Genomic Science Program
U.S. Department of Energy | Office of Science | Biological and Environmental Research Program

2024 Abstracts

The Data Transfer Service: FAIR Data Delivery Made Easy

Authors:

A. J. Ireland1* ([email protected]), Jeffrey Johnson2, Kjiersten Fagnan1, Elisha M. Wood-Charlson1 (PI)

Institutions:

1Lawrence Berkeley National Laboratory; 2Cohere Consulting LLC

Goals

Enable integrated scientific research across BER and beyond by facilitating the transfer of data and accompanying metadata between sample, data, and analysis platforms.

Abstract

Researchers working in the DOE BER program have access to a wide range of data and analysis resources across scientific domains. Each platform provides unique capabilities, ranging from user facilities generating data and preliminary analyses (e.g., DOE Joint Genome Institute and Environmental Molecular Sciences Laboratory), linking sample metadata to standardized data analyses (National Microbiome Data Collaborative), enabling complex reproducible analyses for publication [DOE Systems Biology Knowledgebase (KBase)], and serving as a BER project data repository (Environmental System Science Data Infrastructure for a Virtual Ecosystem). However, researchers typically need to use more than one platform for data integration, processing, publication, and/or collaboration with others, and so need to move data from one platform to another.

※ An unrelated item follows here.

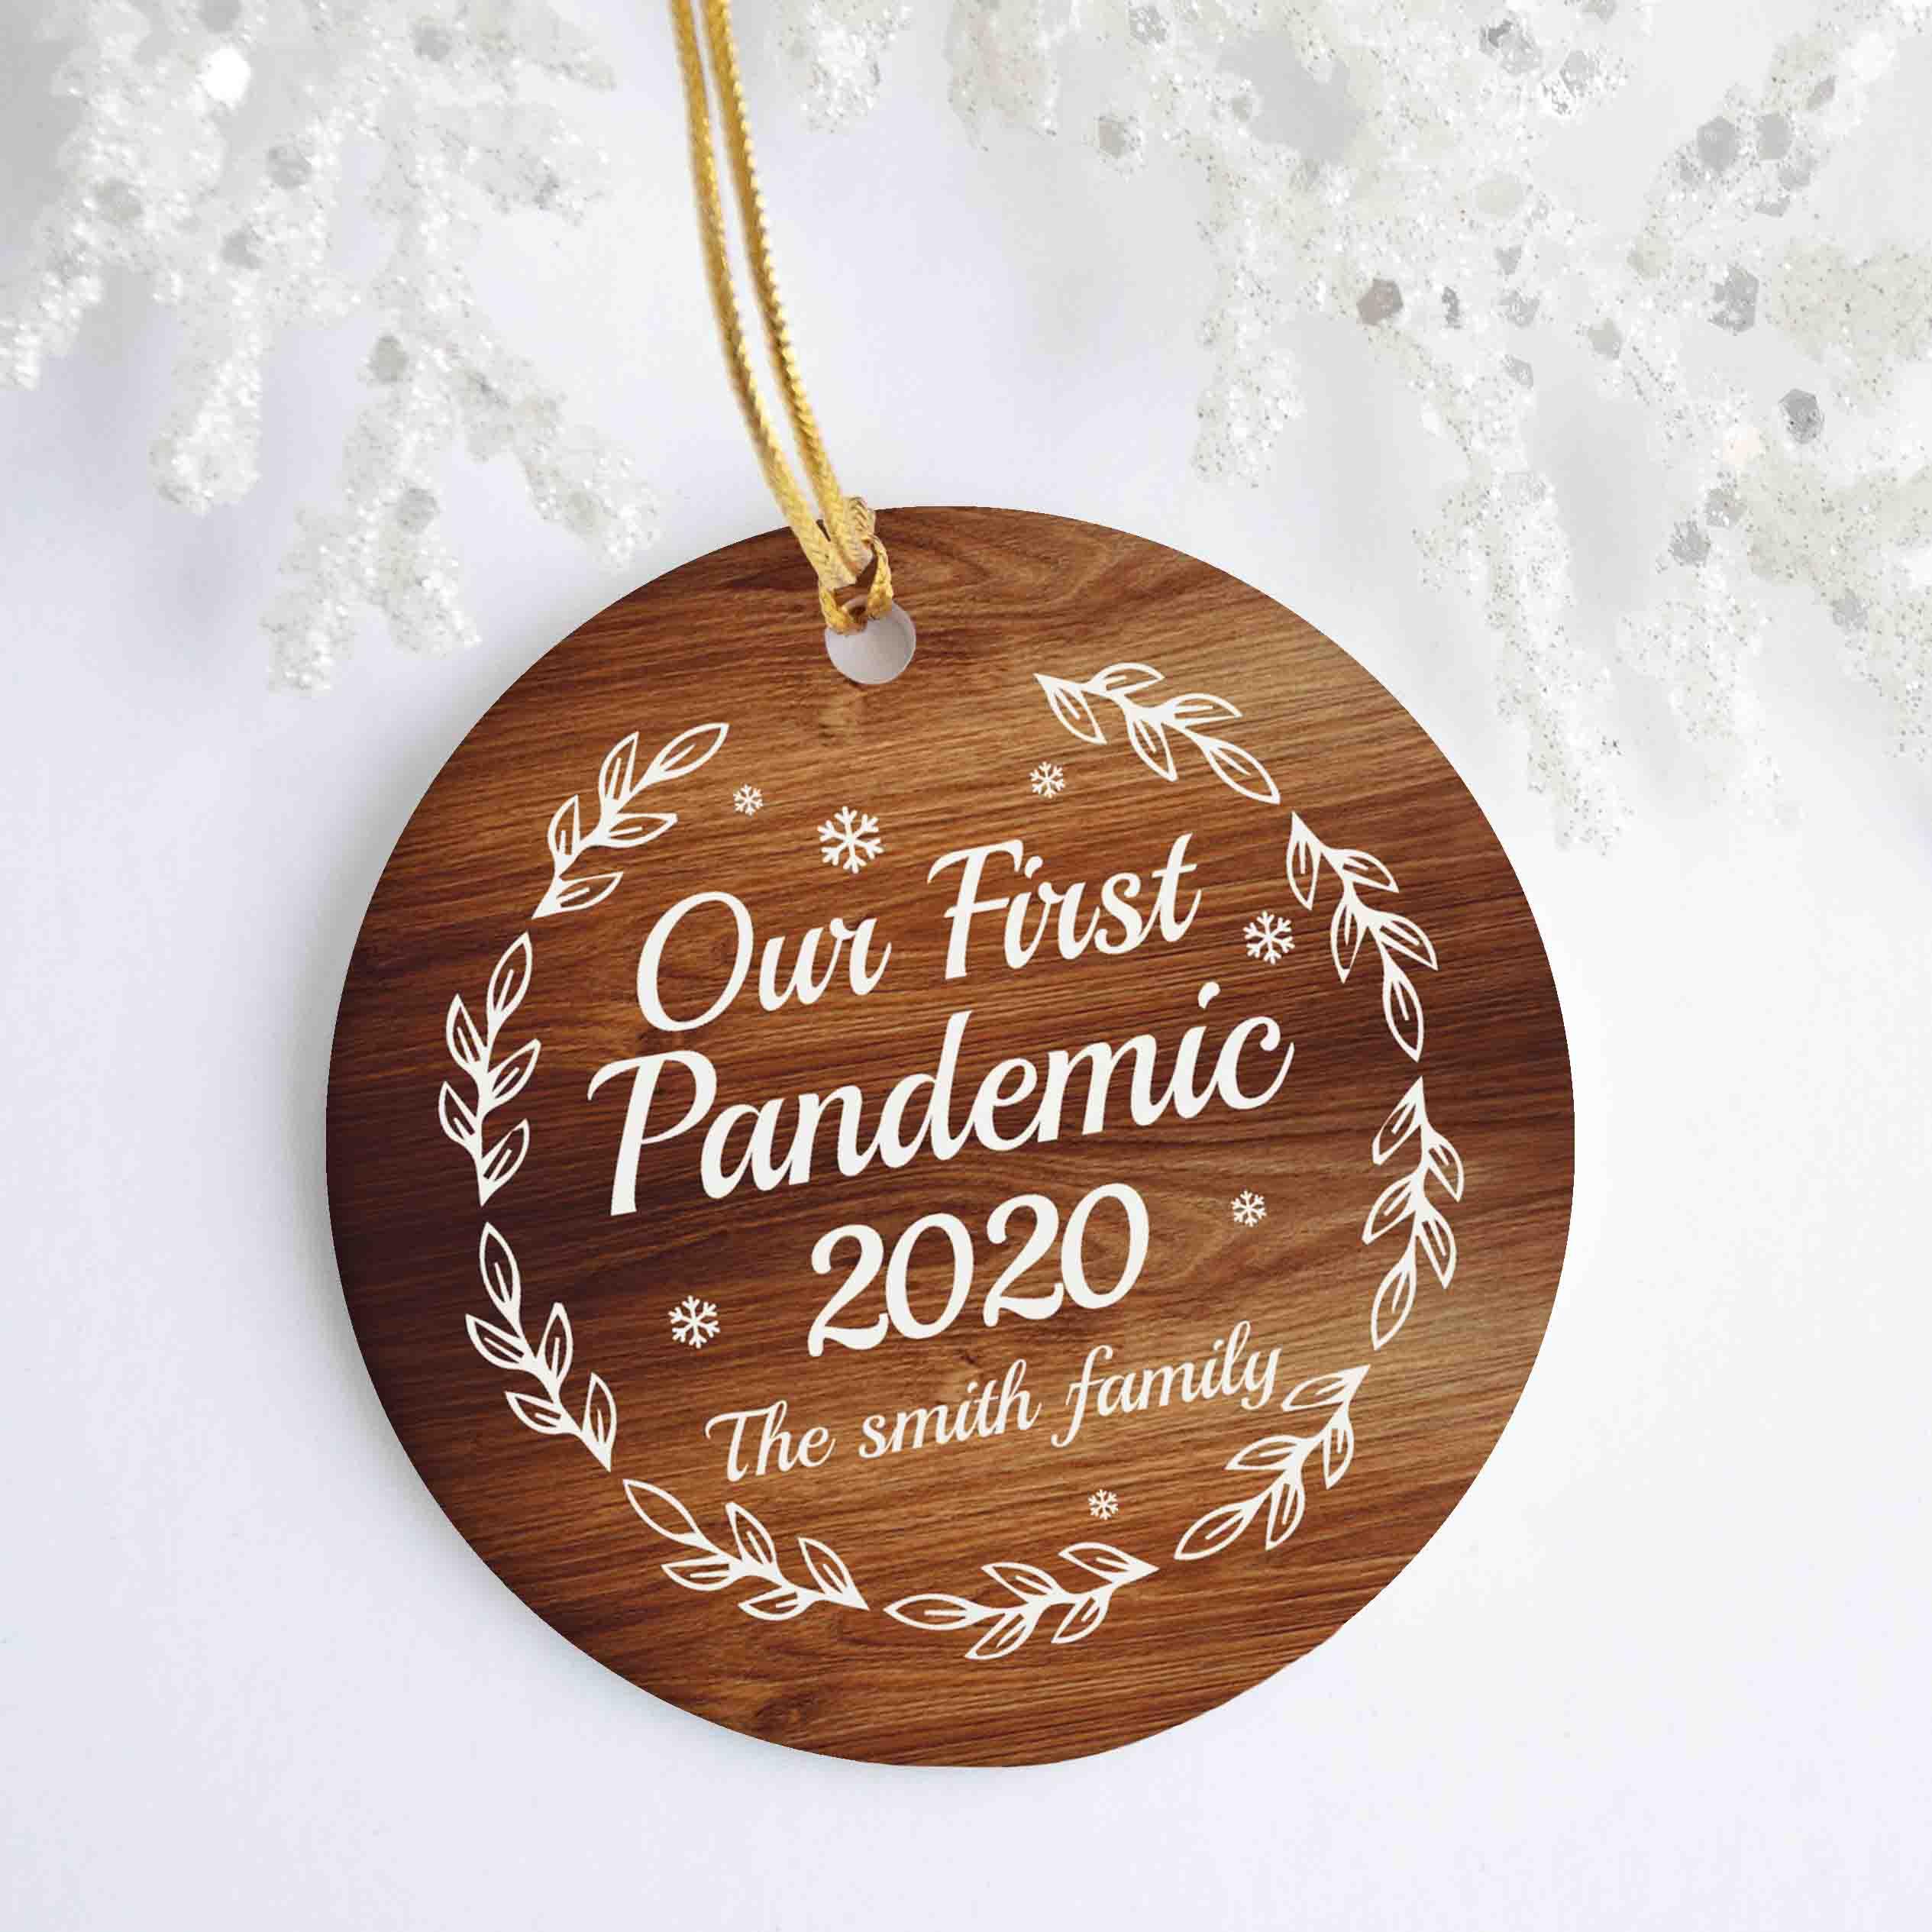 Doa Group 2020 12 03 07.46.43 Personalized Christmas Ornament 2 - Cubebik

The lack of cross-platform coordination poses significant challenges to researchers: data transfer is usually performed manually, by downloading from one platform and uploading at another, which tends to be time consuming, difficult to automate or perform at scale, and error prone; it also removes useful metadata, including citation information and data provenance. As established components of the FAIR (findable, accessible, interoperable, and reusable) data principles, it is important that credit information, provenance, and file metadata are preserved; keeping this metadata also enables the tracking and reporting of the impact of samples and data generated by BER researchers and BER-funded data platforms.

This team is embarking on a new effort to build a Data Transfer Service (DTS) (Wood-Charlson et al. 2023) designed to streamline cross-platform research by providing a simple way to search, access, and transfer data between platforms. The DTS will leverage persistent identifiers (e.g., ORCID, DOI) and community-defined standards (e.g., Frictionless; PROV-O) for capturing file information and provenance. The data package delivered by the DTS will include the data file alongside file-level metadata, data citation, and funder information. These will be captured using the KBase Citation Metadata Schema (Ireland and Wood-Charlson 2023), which seamlessly integrates with OSTI and DataCite publishing schemas. The aim is to streamline and incentivize the practice of citing datasets in the same way that one might cite a publication (Wood-Charlson et al. 2022). In the future, the DTS will support the movement not only of public data but also private datasets with secure authentication, and the design is extensible enough that it could be used to connect resources outside BER (e.g., National Center for Biotechnology Information, National Aeronautics and Space Administration), making it a versatile tool for a wide range of scientific investigations.

The ability to easily move data between BER platforms, without the hassle of manual transfers or the risk of losing valuable metadata and provenance information, will be a significant benefit to the many researchers who use more than one platform for data analysis, management, and publication. The DTS not only promises to improve the efficiency of data transfers and facilitate cross-platform collaboration, but also to enhance the integrity and usability of the data itself, paving the way for new insights and facilitating advances in scientific research.

References

Ireland, A. J., and E. M. Wood-Charlson. 2023. “KBase Credit Metadata Schema.” Accessed April 2024. KBase. DOI:10.25982/1984203.

Wood-Charlson, E. M., et al. 2022. “Ten Simple Rules for Getting and Giving Credit for Data,” PLoS Computational Biology 18(9), e1010476. DOI:10.1371/journal. pcbi.1010476.

Wood-Charlson, E. M., et al. 2023. “Data Transfer Service,” DMPTool. DOI:10.48321/D1W96D.

Funding Information

This work is supported as part of the Genomic Science program of BER. The Data Transfer Service project is funded by the DOE, Office of Science, BER program under award number DE-AC02-05CH11231.